While a spinning outfit spooled with braid won’t be as accurate as a baitcasting outfit (thanks to the ability to slow or stop the cast by thumbing the spool) it can still be a great sportfishing outfit. And thanks to the design of the spinning reel, it is actually better for casting lightweight lures. This kind of ultralight fishing, with 1/32 oz jig heads or other small lures, can be brilliant fun and braid is by far and away the best choice. My Shimano Stradic Ci4+ spooled with braid is by far and away my first choice of reel for ultralight fishing and it is awesome to use.

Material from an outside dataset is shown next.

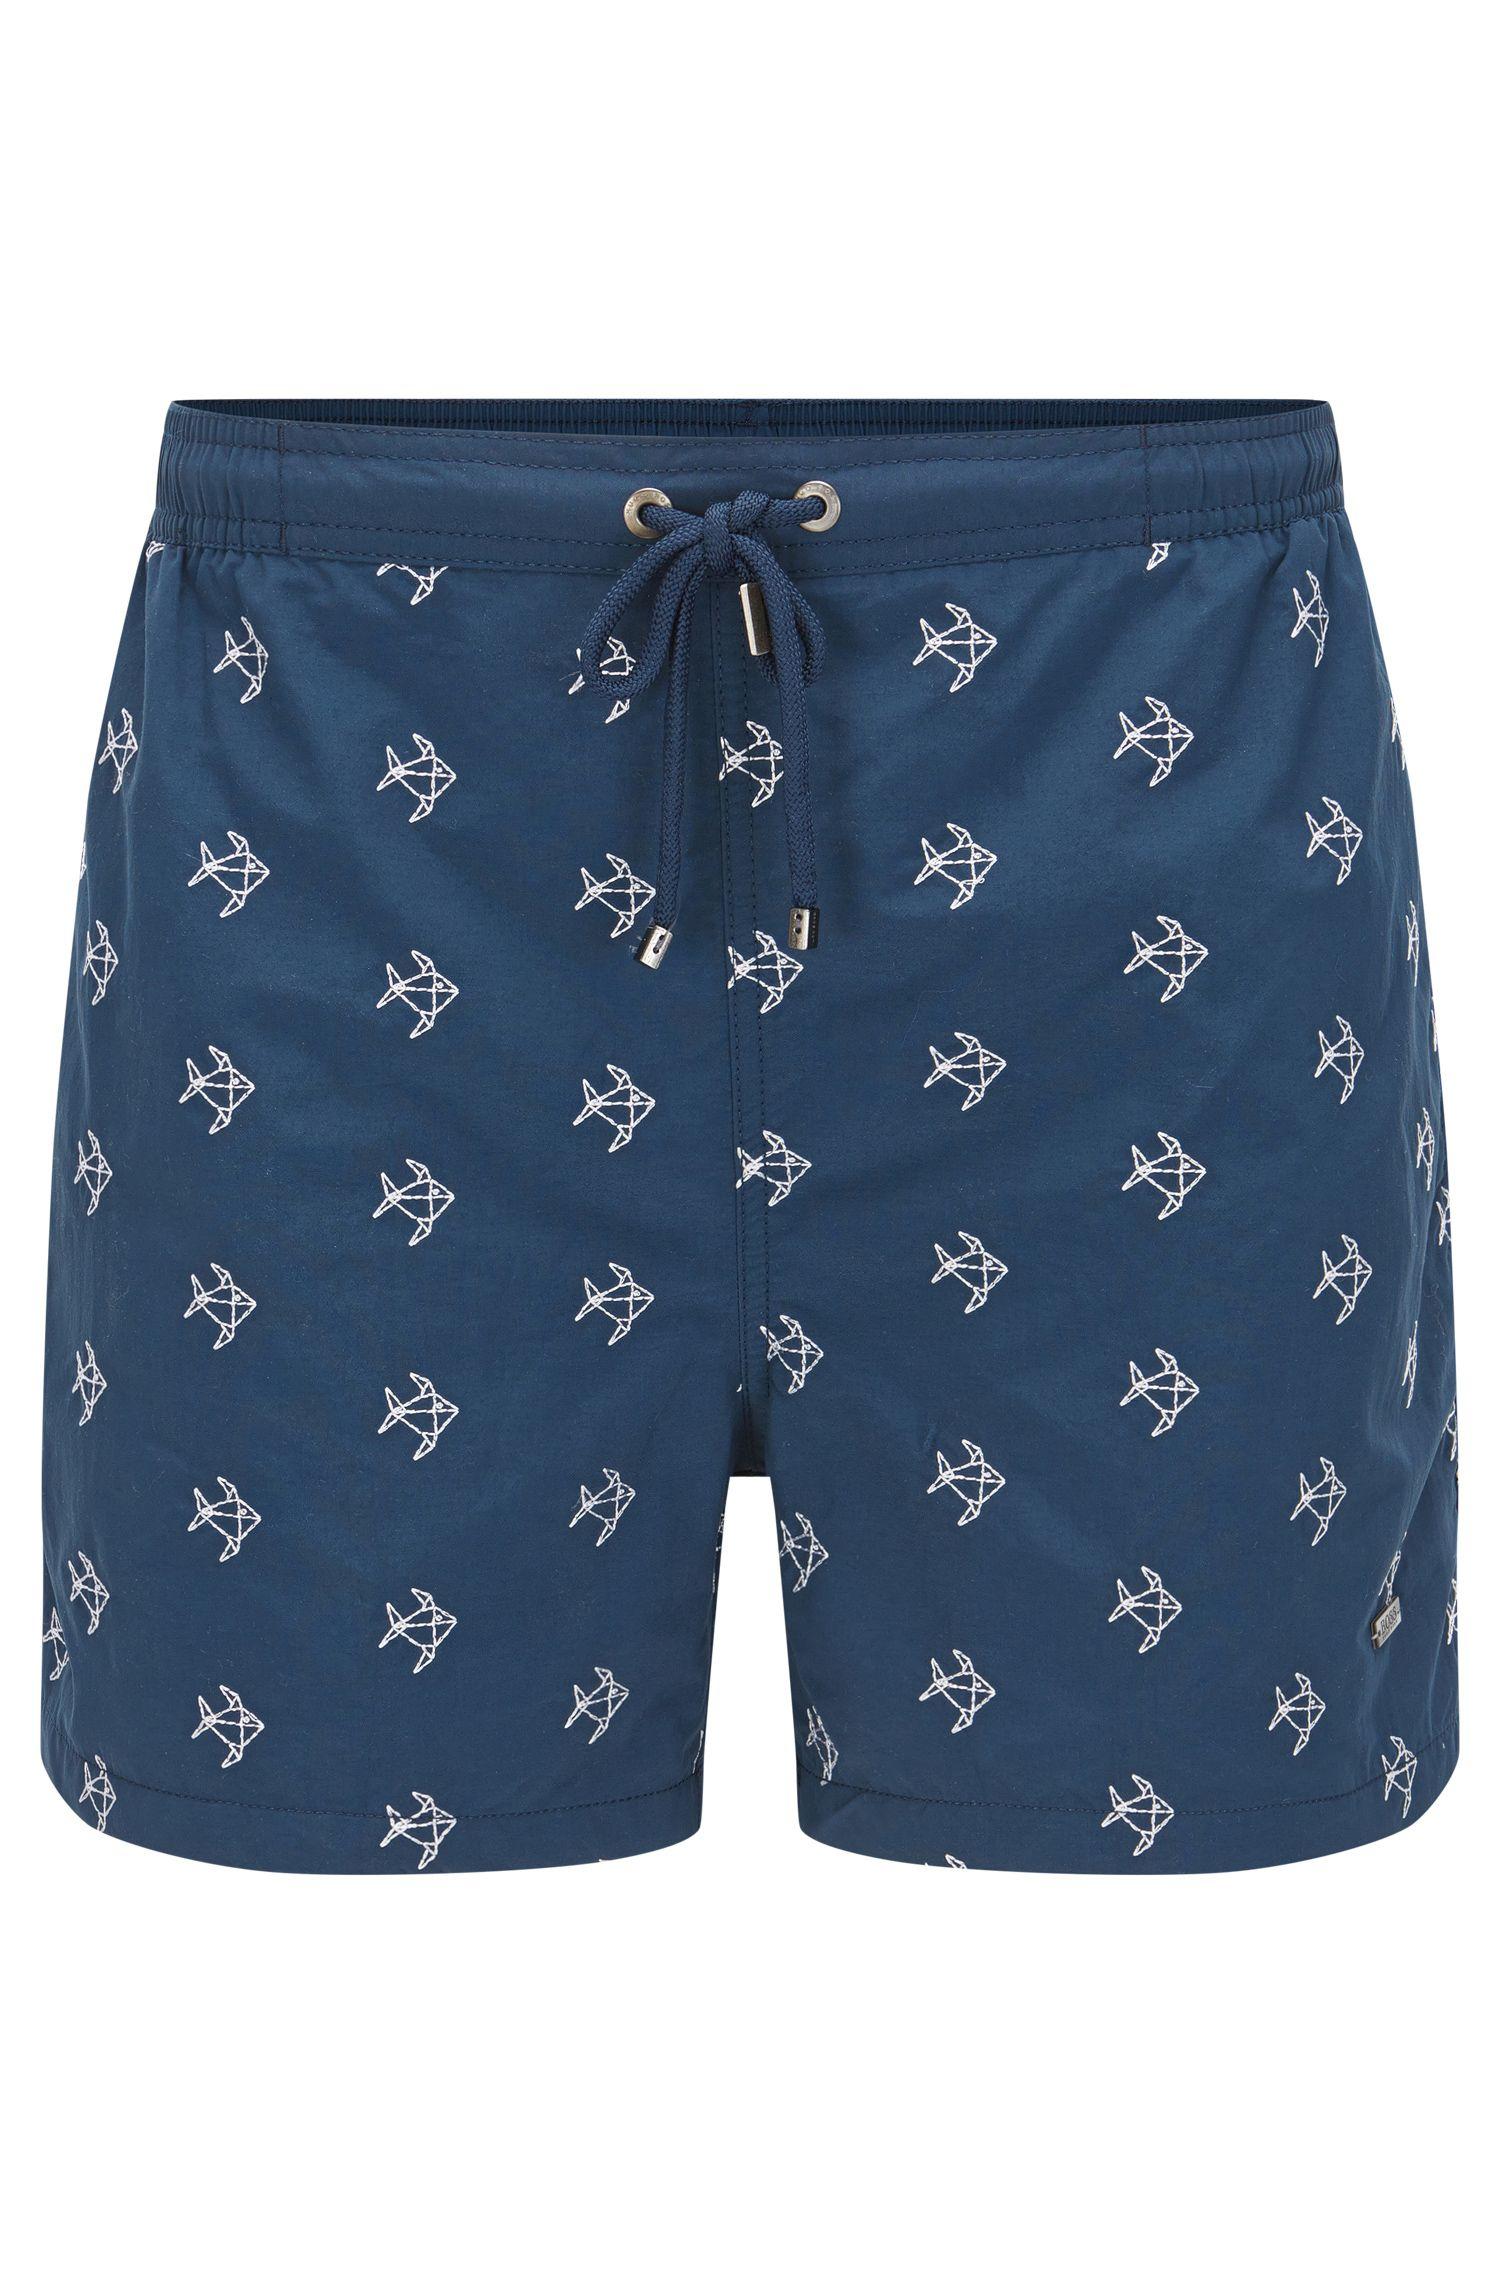 Quick Dry Nylon Embroidered Swim Short | White Shark, Dark Blue

When choosing a braid for spinning reels, the usual factors are important – like with baitcasting reels, low memory and suppleness are an advantage. The braid you choose should hold its color too. There’s nothing worse than braided lines that fade rapidly.
All the of the braided lines listed here – the J-Braid, Spiderwire, Power Pro, the KastKing and the Berkley Fireline – are great for spinning reels.
If you are yet to discover the versatility and castability of fishing with braided line, we’d say “What are you waiting for?” You need at least one combo spooled with braided in most fishing situations. Put some J-Braid on your reel and you are long way to improving your fishing enjoyment and catch rate.